If we look into the detail there were some bright spots which we as a progressive political party welcome. The so called ‘sugar tax’, with revenue raised to help fund sport in primary schools. We also applaud greater recognition of Community Housing Trusts, which are definitely a way forward in a decentralised society. As our Secretary General, David Robins, points out, there is also the possibility of a more ‘resilient’ train line in the south west. The abolition of business rates for small businesses has to be welcomed, and should help shopkeepers in our towns and villages who have been hampered for years by an unlevel playing field in comparison to large chain stores.
But the levelling of the financial playing field between the richest and poorest in society will continue to widen with the Chancellor taking £2.5 billion from the Treasury to finance a cut in the top rate of capital gains tax on assets such as shares. The big divide continues in income tax, with higher earners benefiting more from changes to the higher threshold. Even the proposed saving schemes, though benefitting some and no doubt encourage saving, will be of little benefit for those simply scraping a living. We need real monetary reform and not simply papering over of cracks in a broken system.
It was not a budget for the environment. Forking out massive sums on high speed rail will have little consequence to local communities who are having their bus routes withdrawn or who require improvements to existing train services. Investment in flood protection may only be short lived as the effects of water run off from thousands of what in many cases are unsustainable new housing developments may soon override improvements. There were also the tax breaks to the oil company oligarchs, a further example of a government that is only half hearted about climate change and has no intention of grasping the green economic nettle and making investments in new technology a priority.
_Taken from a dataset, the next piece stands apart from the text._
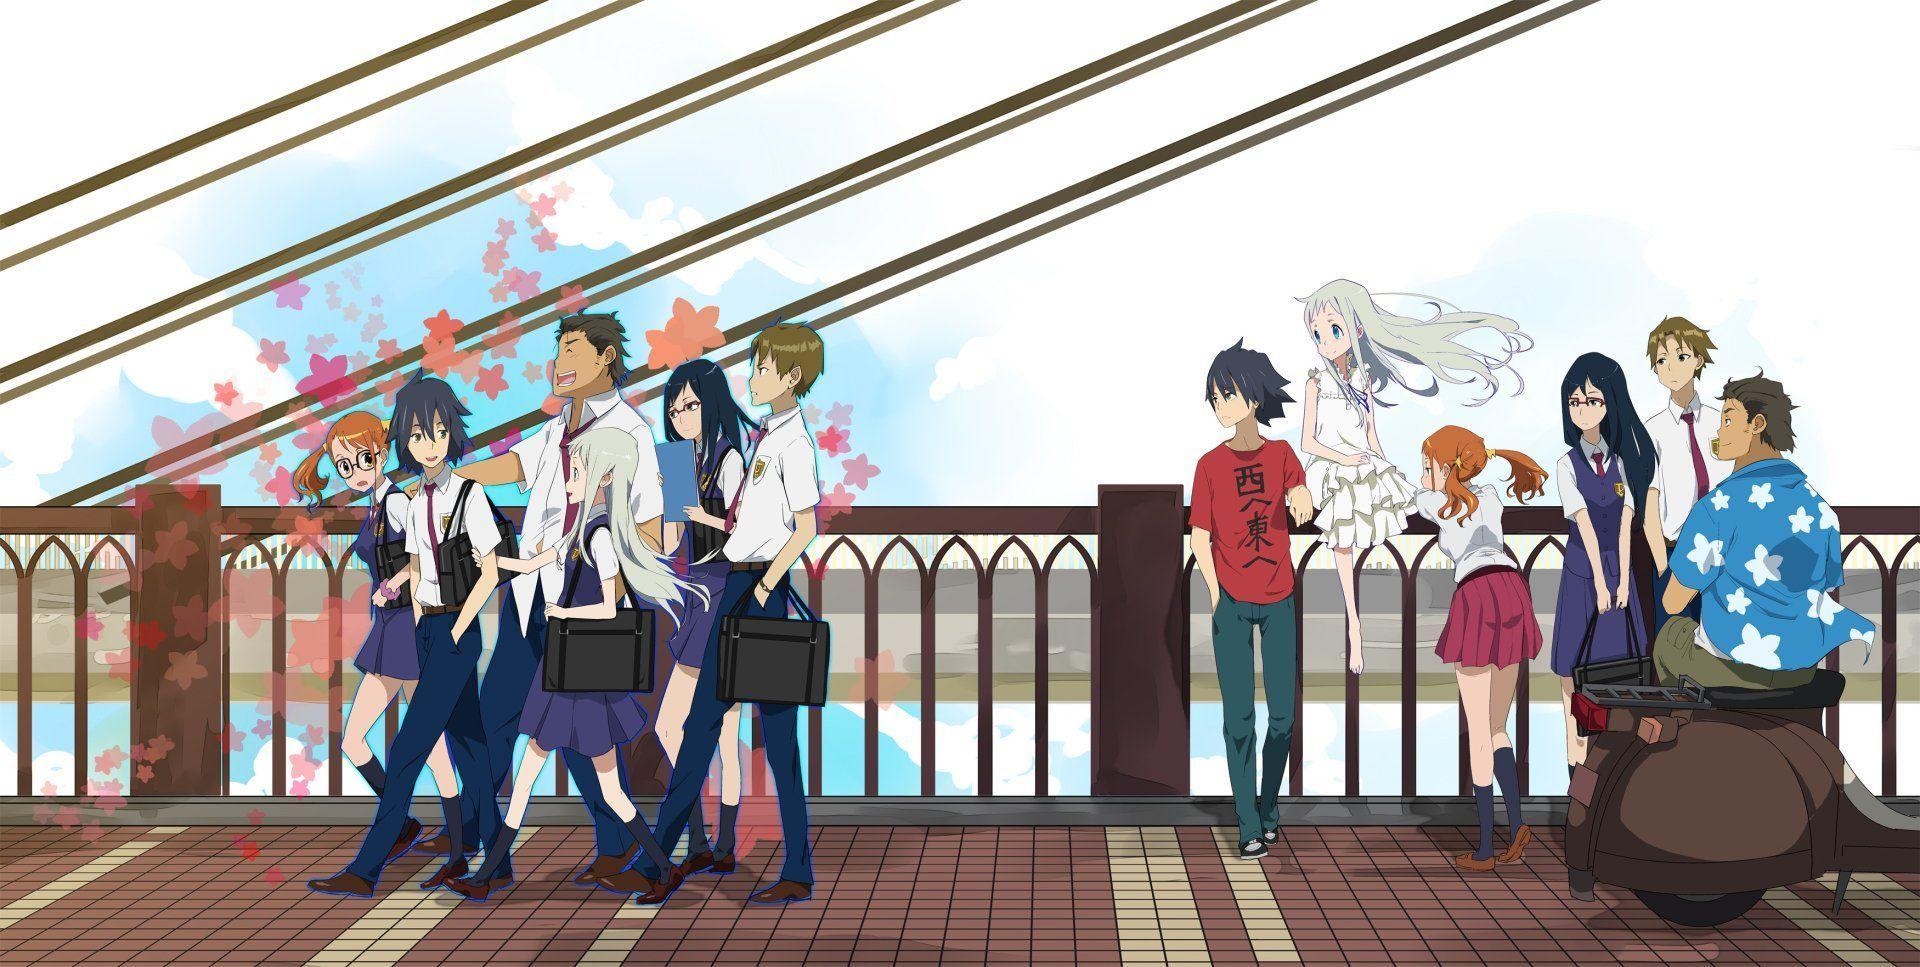 Anime Anohana Papel de Parede anime anohana papel

Whilst I am sure many Wessex residents will applaud tolls being halved on the Severn Crossing, they will continue to be far less than satisfied with the failure of Westminster to adequately provide funding to maintain the regions existing road network, which would also create employment opportunities in the process.
The obsession with academy schools has to be questioned, as is it really in the interests of pupils for a national curriculum to be dumped, less qualified teachers hired, with no limits on class sizes? At the same time is it right that school buildings and facilities such as playing fields could belong to private sponsors? The academy obsession in reality is simply a scheme which is another example of Tory drive for privatisation. Regionalism would deliver schools which local communities need, and not drive a wedge between better performing and poorer schools.
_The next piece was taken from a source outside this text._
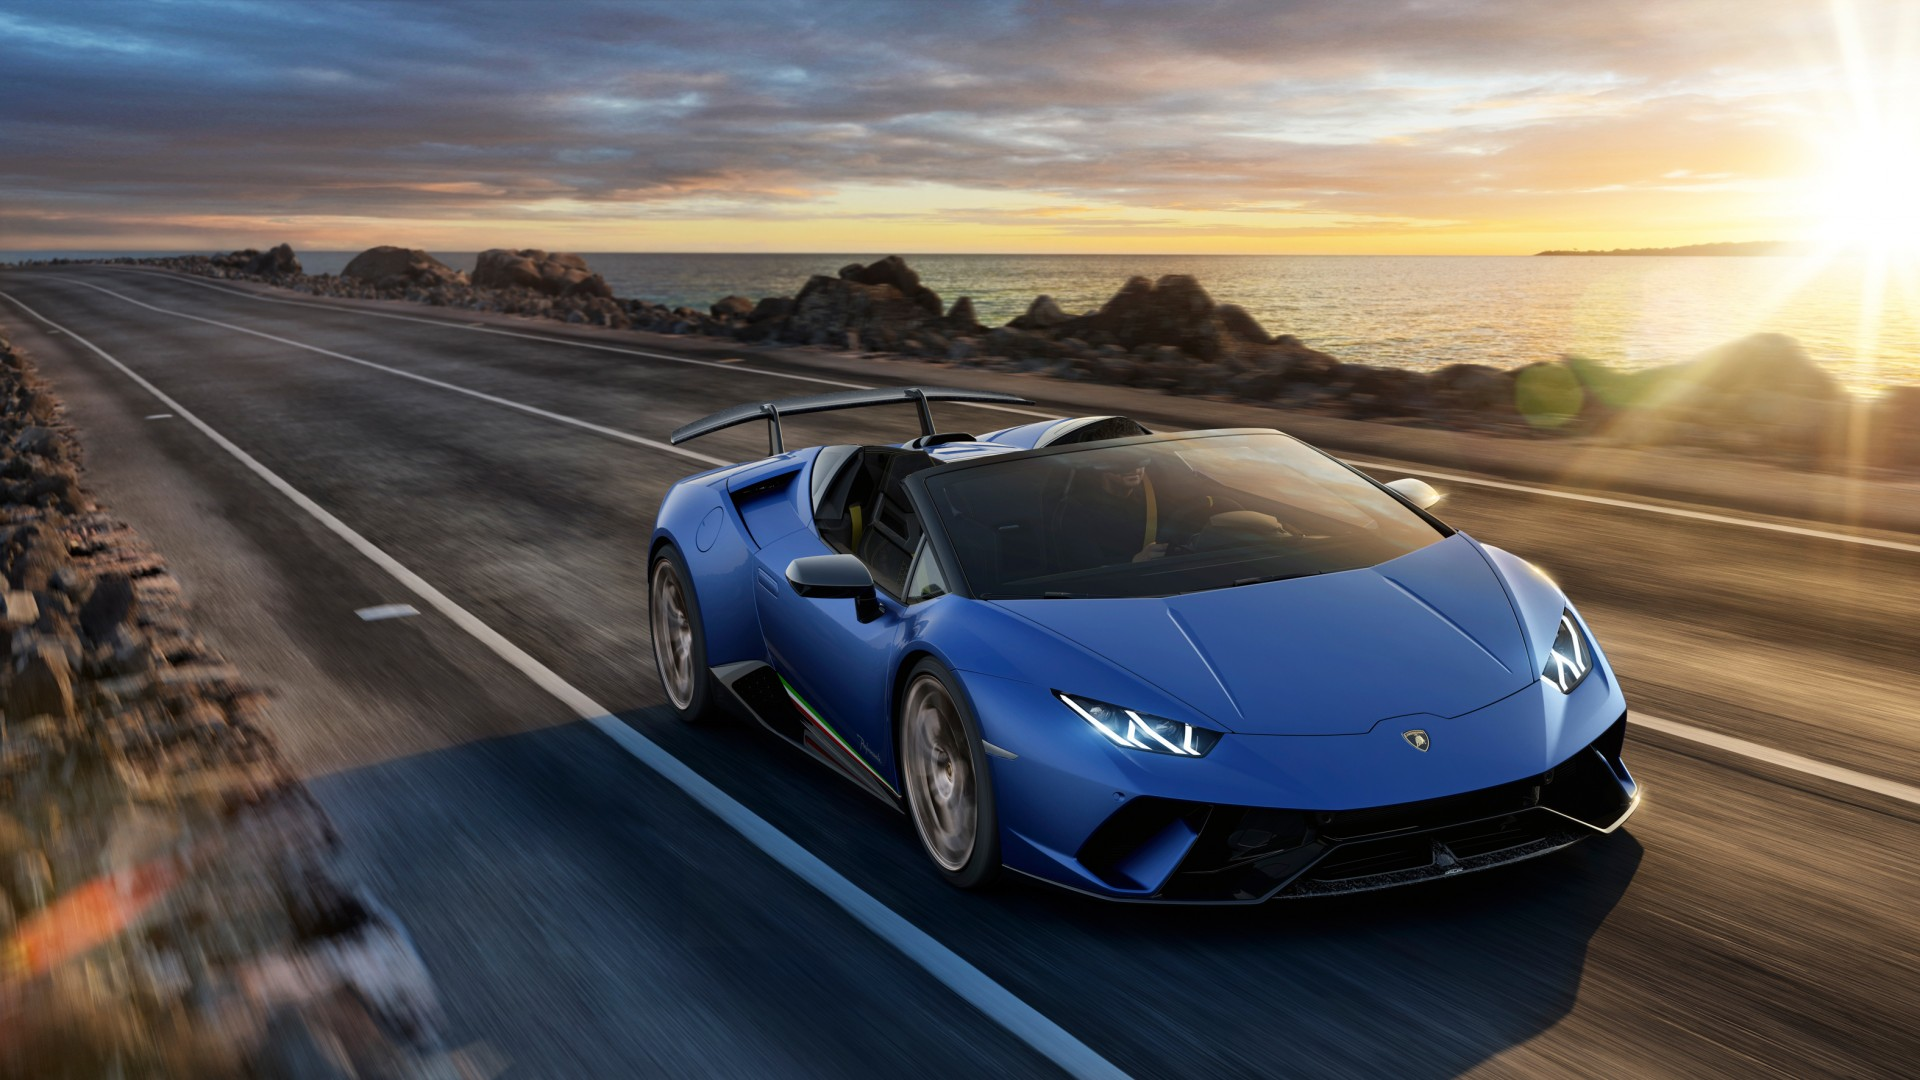 2018 Lamborghini Huracan Perfomante Spyder 2 Wallpaper

Last but not least, we have to condemn savage cuts to the benefits of some of the most vulnerable in society, with an estimated 370,000 people losing out. Add to this the threat to libraries, care services and social facilities as a result of government cuts and the verdict is clear, a people’s budget this was not.
On the whole this is another Westminster-centric budget, which tinkers but fails to address serious funding issues. Tax breaks for the super rich do not trickle down into the wider economy but disappears into offshore bank accounts. Failure to invest in green jobs means we take another step towards ecological Armageddon. Meanwhile attacking the most vulnerable shows lack of any heart or compassion, especially when there are tax breaks for the better off.
Wessex needs regional government and a party which is in touch with the needs of all the people to provide a budget for the region. Yet again, the message from the Chancellor’s little red case is that Westminster cannot be trusted to deliver this.